Cost-sensitive learning is the rule rather than the exception in operational systems where errors translate directly into money or risk. Common application areas include:
Most mainstream machine learning libraries support cost-sensitive learning under the heading of class weighting.
scikit-learn exposes the class_weight argument on essentially every classifier, including logistic regression, random forest, gradient boosting, support vector machines and linear discriminant analysis. It accepts None for uniform costs, "balanced" for inverse class frequencies, or a dictionary mapping labels to weights. The compute_class_weight utility produces the balanced weights explicitly, and CalibratedClassifierCV applies Platt scaling or isotonic regression on top of any base estimator. The imbalanced-learn project (scikit-learn-contrib) adds SMOTE and its Borderline, SVM and ADASYN variants, plus RandomUnderSampler, NearMiss, Tomek links, edited nearest neighbour cleaning, and BalancedRandomForestClassifier and BalancedBaggingClassifier for ensemble rebalancing.

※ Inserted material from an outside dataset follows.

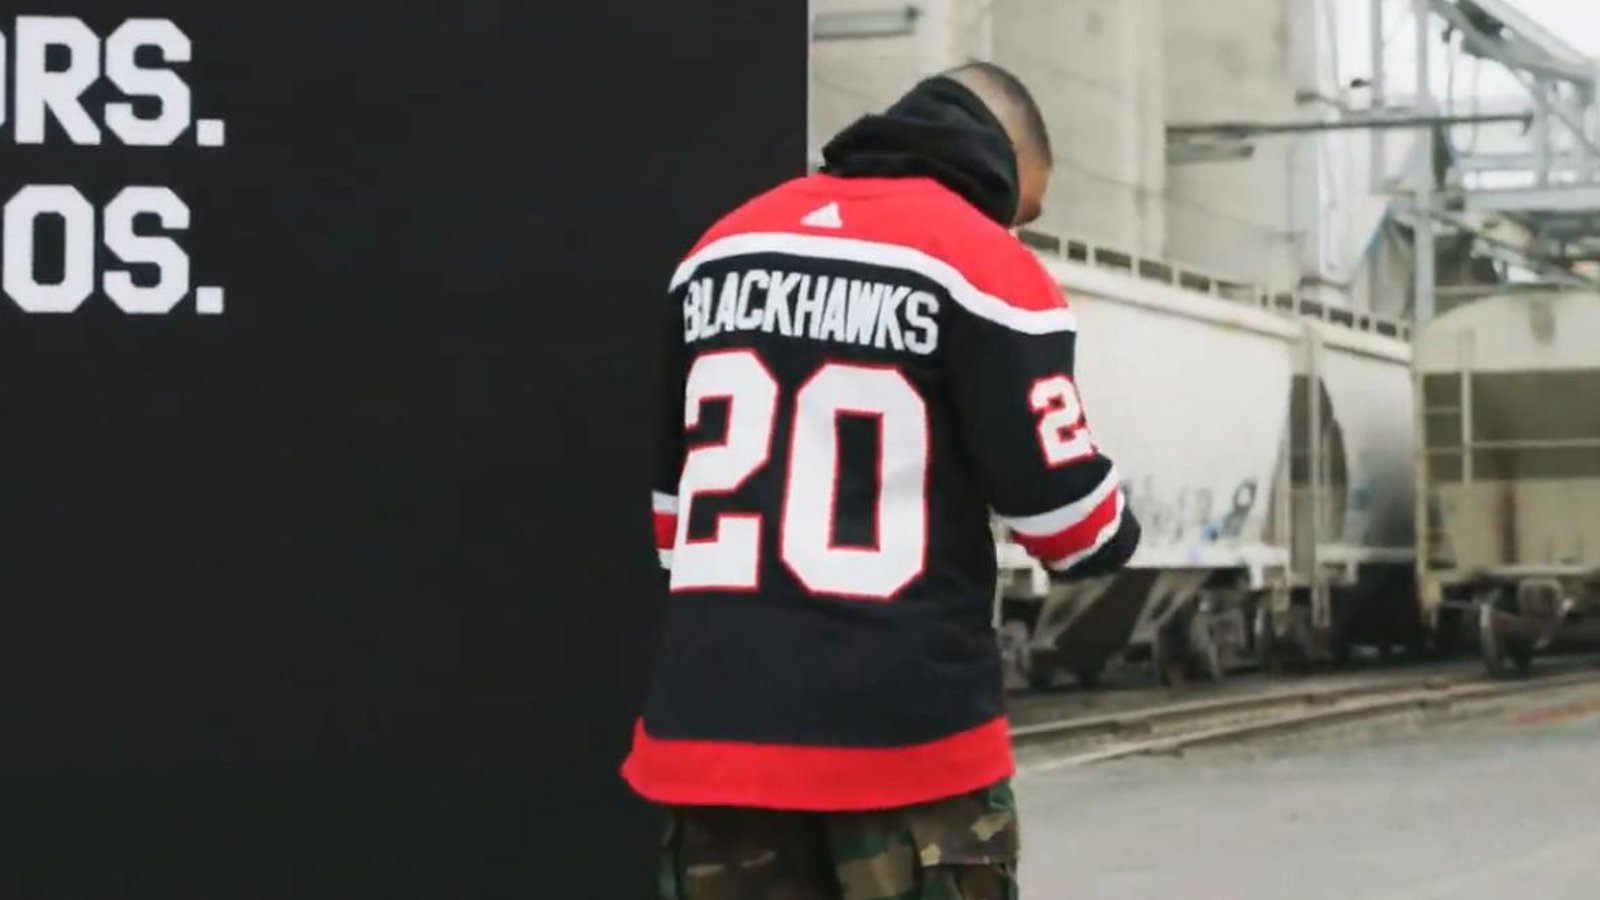 Rumor: The NHL is hiding the Blackhawks logo on the new Retro Reverse jersey.

XGBoost and LightGBM offer scale_pos_weight for binary classification and sample_weight for per-example weights. These are the standard hooks for both class-dependent and example-dependent cost-sensitive boosting on tabular data. The CostSensitiveClassification library by Bahnsen on GitHub implements the example-dependent decision trees and Bayes minimum risk wrappers from his 2015 papers. In deep learning, focal loss appears as tensorflow.keras.losses.BinaryFocalCrossentropy and CategoricalFocalCrossentropy in Keras (from version 2.10) and as the standalone focal-loss package on PyPI; PyTorch users typically combine binary_cross_entropy_with_logits with a focusing factor by hand. mlr3 in R provides a cost-sensitive classification module with measure objects that take a cost matrix as input.
Textbook coverage appears in Witten, Frank and Hall's Data Mining: Practical Machine Learning Tools and Techniques (Morgan Kaufmann, 3rd ed., 2011) and in Charu Aggarwal's Data Classification: Algorithms and Applications (Chapman and Hall, 2014), which includes a dedicated chapter on cost-sensitive learning by Ling and Sheng.